Approach 2: 3D pose estimation + averaging

The second solution proposed is based on the use of a neural network to directly predict the 3D pose from each of the camera frames. Later, the camera calibration parameters are used to transform the prediction from the camera's coordinate system to the world's coordinates system. Also, a classic point set registration method is used to obtain the best transform between the resulting pose predictions from each of the frames, later using it to refine the transformation between the cameras coordinate systems. This 3D pose estimator uses the Real-time 3D Multi-person Pose Estimation implementation by Daniil-Osokin to infer the 3D pose out of each of the camera frames provided as input. Then, each of the estimated poses gets transformed relative to the camera coordinate system specified as the origin. To perform the said transformation, the system uses the rotation and translation vectors computed during multi-camera system calibration.

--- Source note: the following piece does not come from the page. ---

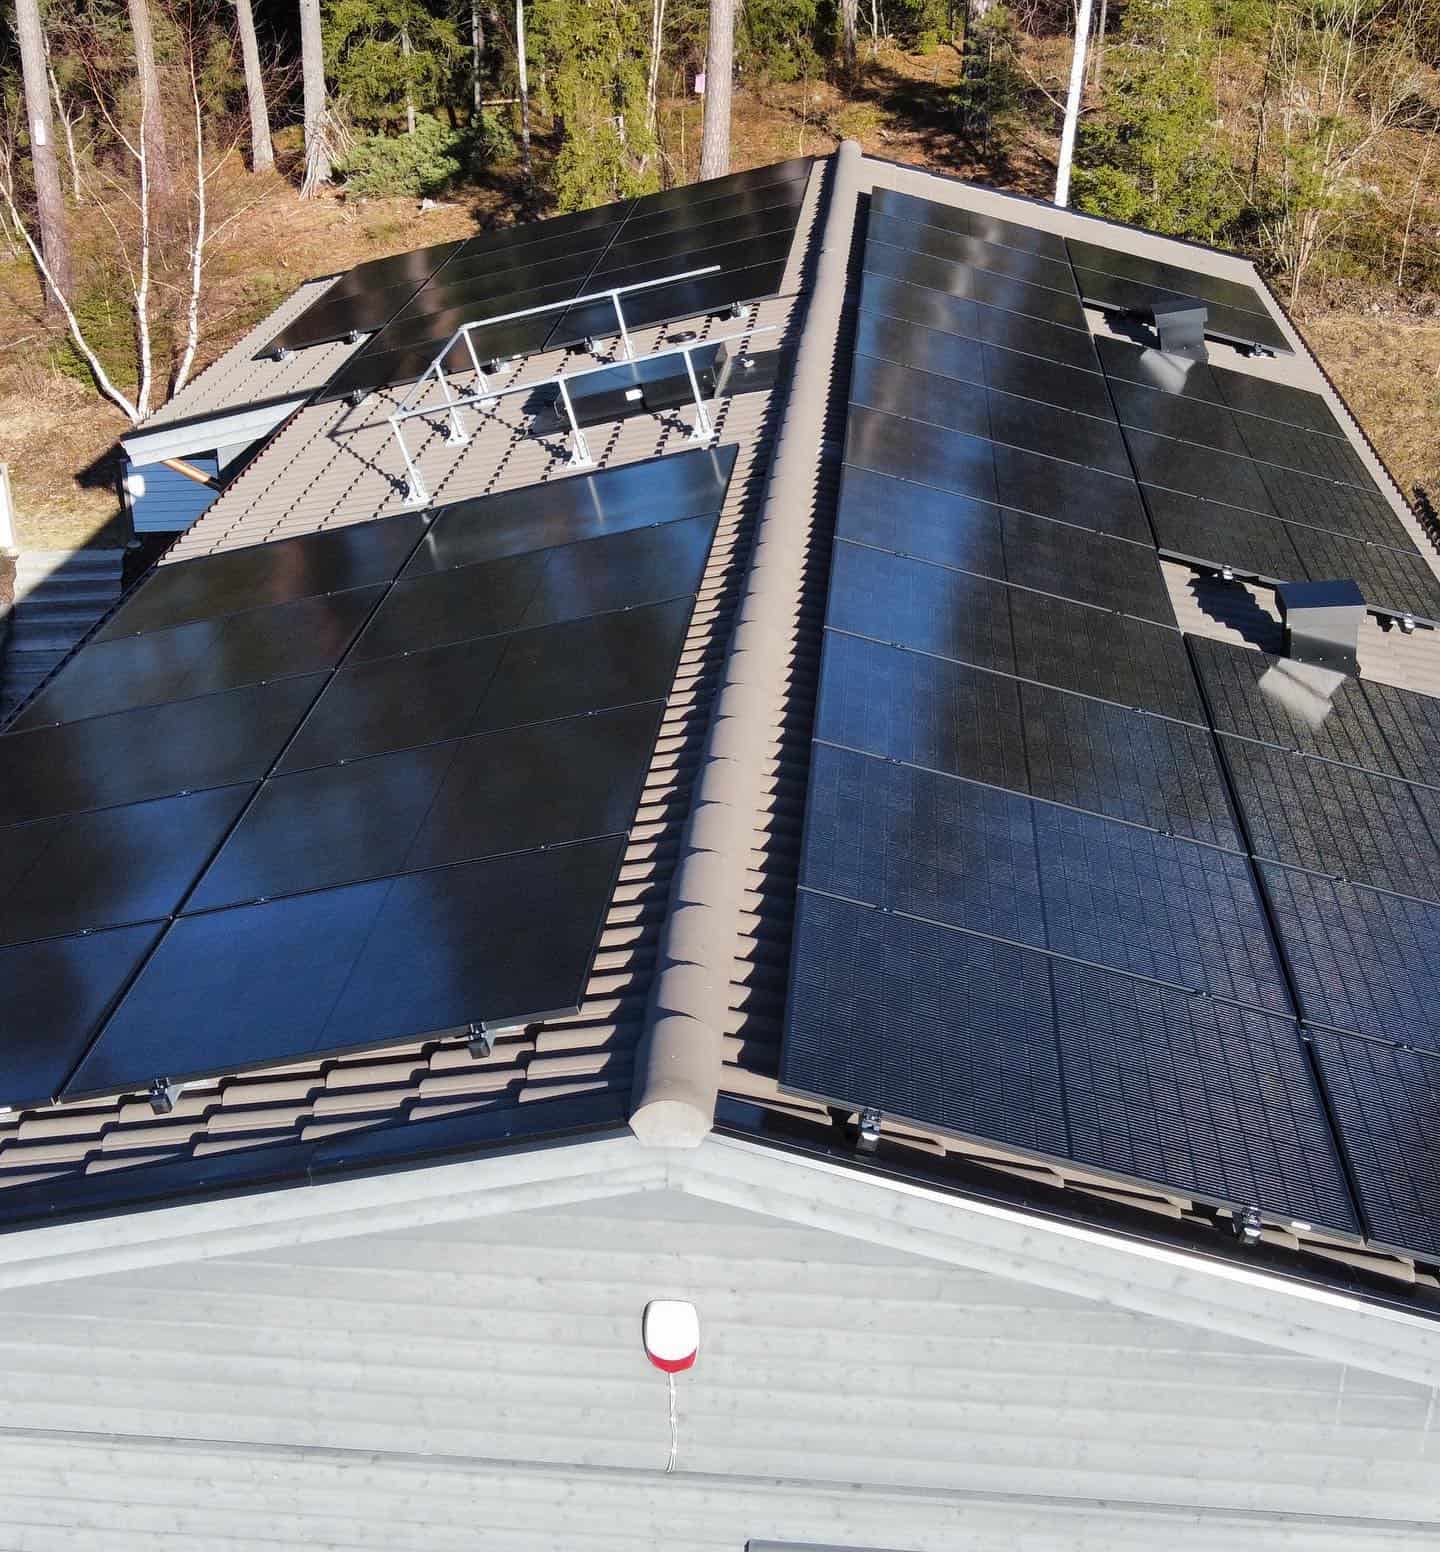 Referensjobb "Vill du installera solceller på taket och spara el?" utfört av Takel Energy AB

The resulting pose that is returned by the system gets computed by averaging the 3D positions of the joints estimated for each frame. Each joint position is weighted on the average by its confidence score, provided by the network.

The system not only provides the user with a 3D pose estimation but also helps to correct the transformation between other cameras coordinate systems and the origin camera coordinate system. To achieve said correction the system uses a point set registration method to compute the optimal transformation for pose alignment between the inferred poses and updates the rotation and translation parameters using a low pass filter.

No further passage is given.